A une heure de son concert au Triptyque où il présente son nouvel album, le premier à sonorité folk, Fink nous reçoit dans un café à quelques mètres de la salle parisienne…

Comment vas-tu?
Un tout petit peu nerveux! Je n’ai pas encore beaucoup tourné, donc j’ai toujours la pression quand je dois faire une scène. C’est mon premier concert à l’international. Pour l’instant je n’ai joué qu’à Londres et à Brighton. Et là, en plus, les gens font la queue devant la salle! Ça me la met encore plus… Donc pour l’instant je n’ai joué qu’en Grande-Bretagne avec ce disque. J’ai mixé dans le monde entier, mais ça ne donne pas les mêmes sensations du tout. Quand tu es DJ, tu as les platines qui te cachent, on dirait un château fort, et tu es occupé à choisir tes disques.
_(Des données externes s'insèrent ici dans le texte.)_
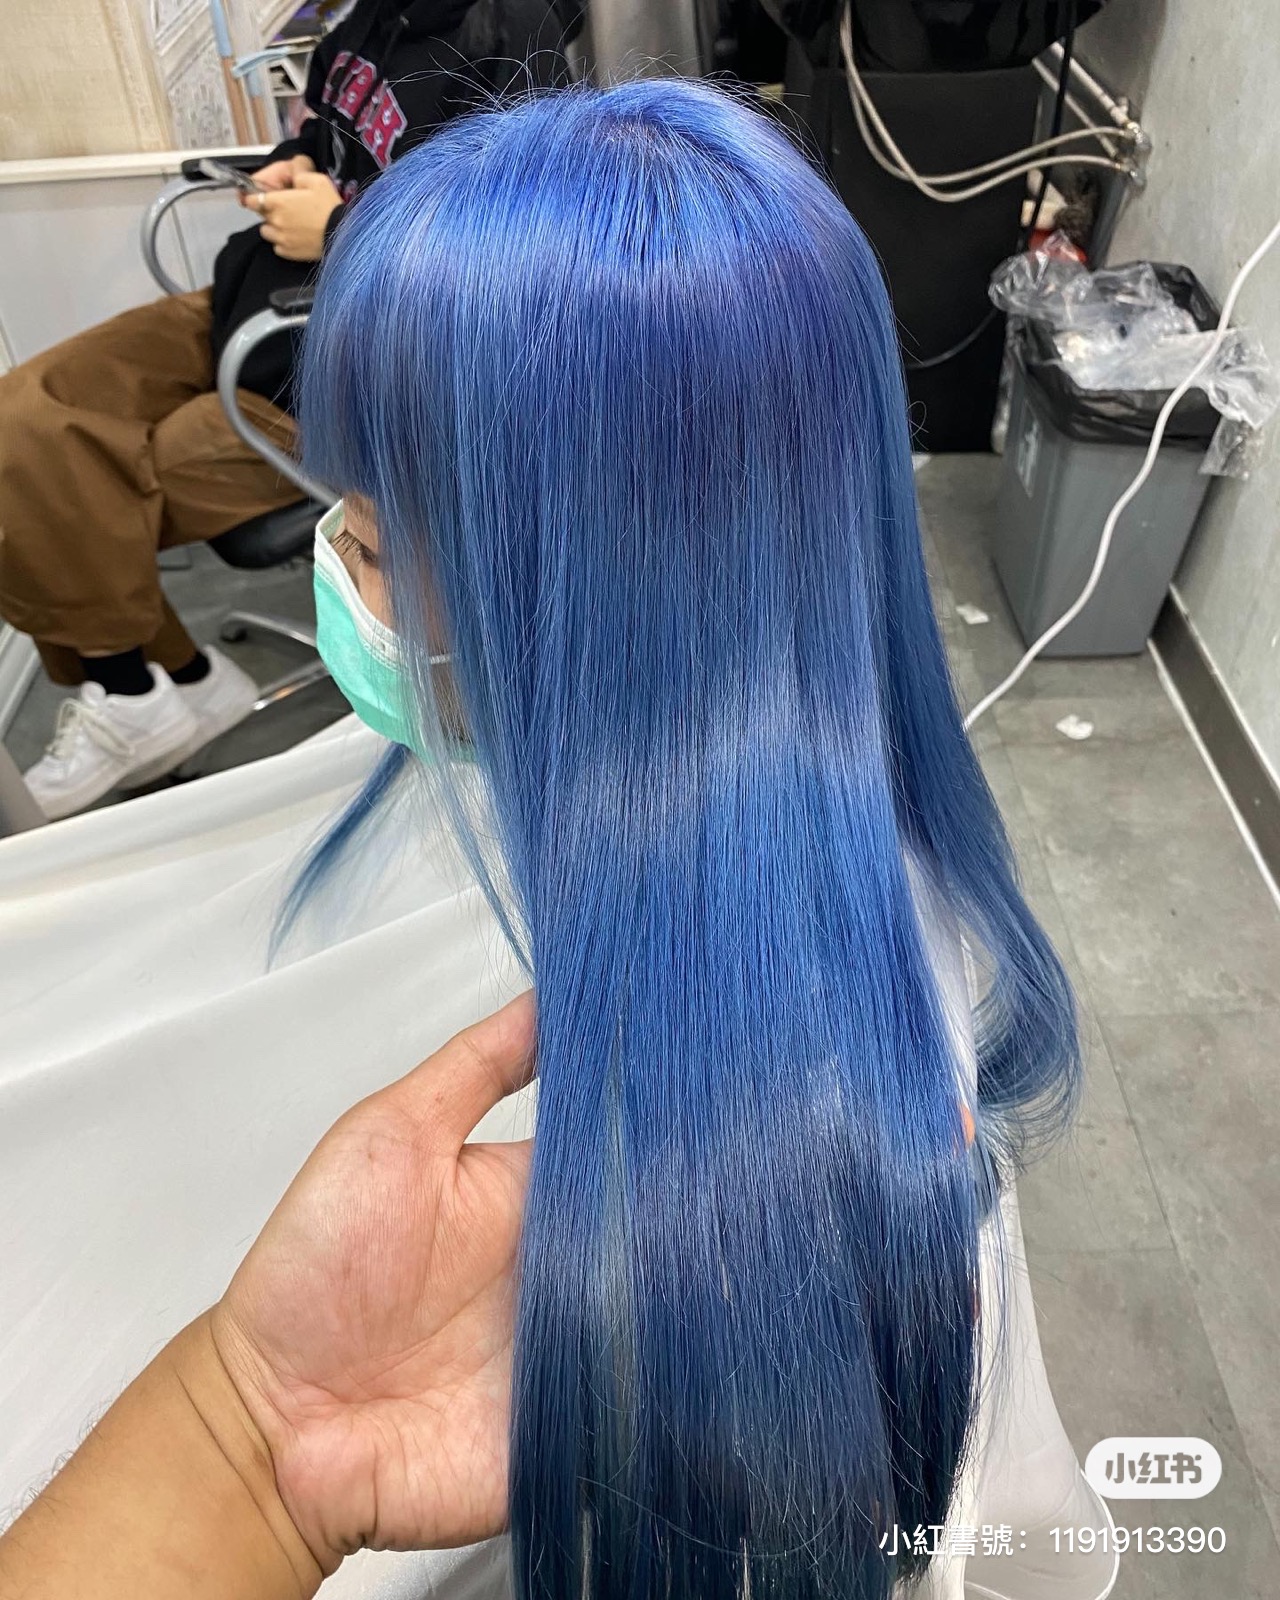 Zen pure hair髮型作品: 藍

Ça demande de la concentration. En plus, personne ne vient t’applaudir ou te huer. Ce n’est pas plus ou moins facile, mais c’est juste complètement différent. Franchement, quand tu es un DJ Ninja Tune, c’est aussi beaucoup de pression, tout le monde t’attend un peu au tournant. Le label, en lui-même, est un tel gage de qualité que tu n’as pas vraiment le droit de décevoir. Partout où tu vas, quand c’est à toi de rentrer en piste, les gens t’attendent au tournant.

Justement, comment es-tu rentré dans l’écurie Ninja Tune?
De la manière la plus simple qu’il soit. Je leur ai envoyé une démo! J’étais déjà signé sur un autre label qui s’appelait Kickin, qui était assez porté sur la techno, ce que je faisais à l’époque. Je faisais de l’ambiant pour être exact. En fait, je faisais partie d’un groupe, on était trois, et on a fini par se séparer. On n’arrêtait pas de se disputer. C’est assez courrant quand on a un groupe de musique électronique, on joue tous du même instrument et donc on a rapidement tendance à se marcher sur les pieds. On a donc splitté quand on enregistrait notre deuxième album. On avait que cinq chansons de terminées, de l’ambiant on était plutôt en train de passer à du trip hop. Et sur ces cinq chansons, y en avait une qui était vraiment bonne, c’était un morceau Drum n’Bass, au moment où cette musique commençait à peine, au début des années 90. On l’a envoyée à Ninja. C’était à une période où eux se demandaient quoi faire de toutes ces démos qu’ils recevaient, où la plupart du temps il n’y avait qu’une chanson qui était vraiment bonne. Et ils ont décidé de sortir une compilation avec tous ces morceaux. Le nôtre a été sélectionné. Ils nous ont recontacté après pour savoir où on en était dans nos projets, et pour nous faire savoir qu’ils étaient vraiment intéressés pour suivre notre musique. On leur a dit qu’on s’était séparés, et ils avaient l’air vraiment déçus! Ils ont quand même insisté, nous demandant si on continuait à faire de la musique individuellement et, si oui, si on pouvait leur envoyer des démos. Je crois que j’étais le seul de nous trois qui était vraiment motivé à l’idée de bosser avec Ninja Tune. J’ai tellement progressé en tant que DJ quand j’ai intégré cette écurie! Quand tu tournes avec eux, tu es obligé d’être au top.Moi, j’ai appris énormément d’un mec comme DJ Food! Il m’impressionnait vachement, et du coup j’ai dû travailler comme un fou pour essayer d’être à son niveau.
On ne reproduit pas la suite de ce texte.